Dear all,

I’m a Julia user since 2017 and after getting familiar with *multiple dispatch* and `mutable structures`

, I finally found the courage to interact for the first time with the Julia community. Here’s my question.

During my PhD I need to implement a code for nonadiabatic semi-classical dynamics. At the moment I have already have two functioning codes, one is much faster than the other one but is much less easily maintainable.

The first code is essentially made by a series of functions that takes a series of inputs (mass, velocity, force, time, position, complex coefficients of the wavefunction, Hamiltonian matrix, ecc…) and essentially evaluates the time evolution of my pseudo-particle. The code is much faster than the python equivalent that I implemented several months ago, but is generally difficult to extend and maintain.

The other implementation instead defines a mutable structure pseudo particle and the time evolution is performed via all the methods of the structure.
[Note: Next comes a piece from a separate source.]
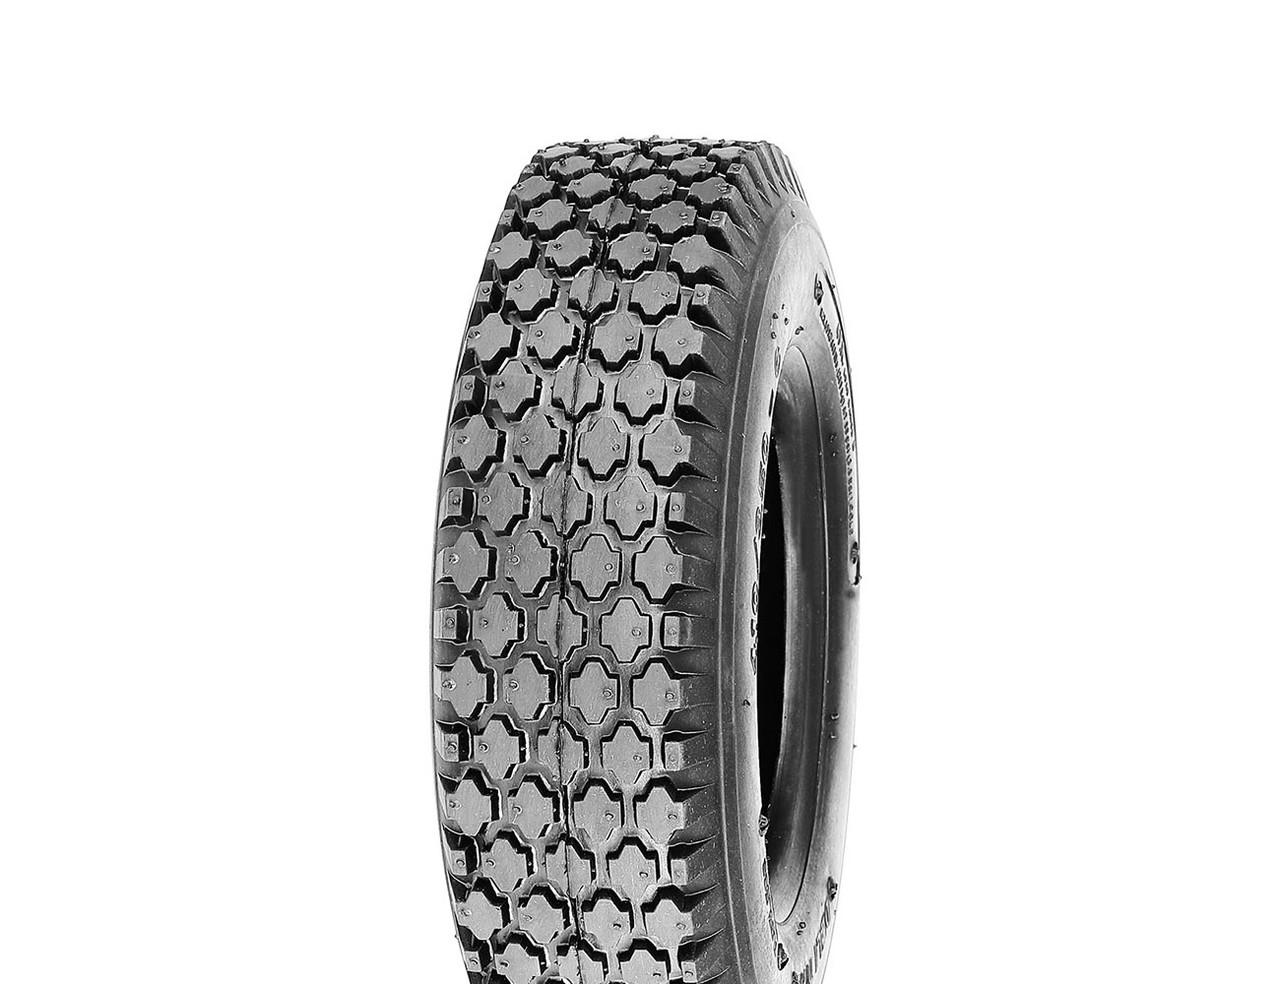 Шина детского квадроцикла Deli Tire S-356 5.30x4.50-6 TT

Below you can find a minimalistic example:

```
mutable struct Particle
pos::Array{Float64,1}
k::Array{Float64,1}
c1::Number
c2::Number
surface::Int
m::Int
end
```

and then I append methods like

```
function kinetic_energy(p::Particle)
return sum(p.k.*p.k)/2/p.m
end
function potential_energy(p::Particle)
if p.surface == 1
return E1(p.pos[1])
else
return E2(p.pos[1])
end
end
function total_energy(p::Particle)
return potential_energy(p)+kinetic_energy(p)
end
function time_evolution(p::Particle, dt::Real)
# This method defines the time evolution of a particle and
# update all the variables accordingly.
# Position is approximated at the first order,
# momentum is approximated at the second order.
# ---------------------------------------------------------
# Half step momentum
force = der_surface(p)
p.k[1] += -force*dt/2
# Complete step position
p.pos[1] += p.k[1]*dt/p.m
# Half step momentum
force = der_surface(p)
p.k[1] += -force*dt/2
end
```

This second implementation is much more readable (IMO also more elegant) but also much slower.

Now my question is: considering that Julia is not a object oriented language, is it “in the Julia spirit” to continue trying to optimize the second implementation (probably there’s some methods that are not really numerically efficient) or go back to the first implementation?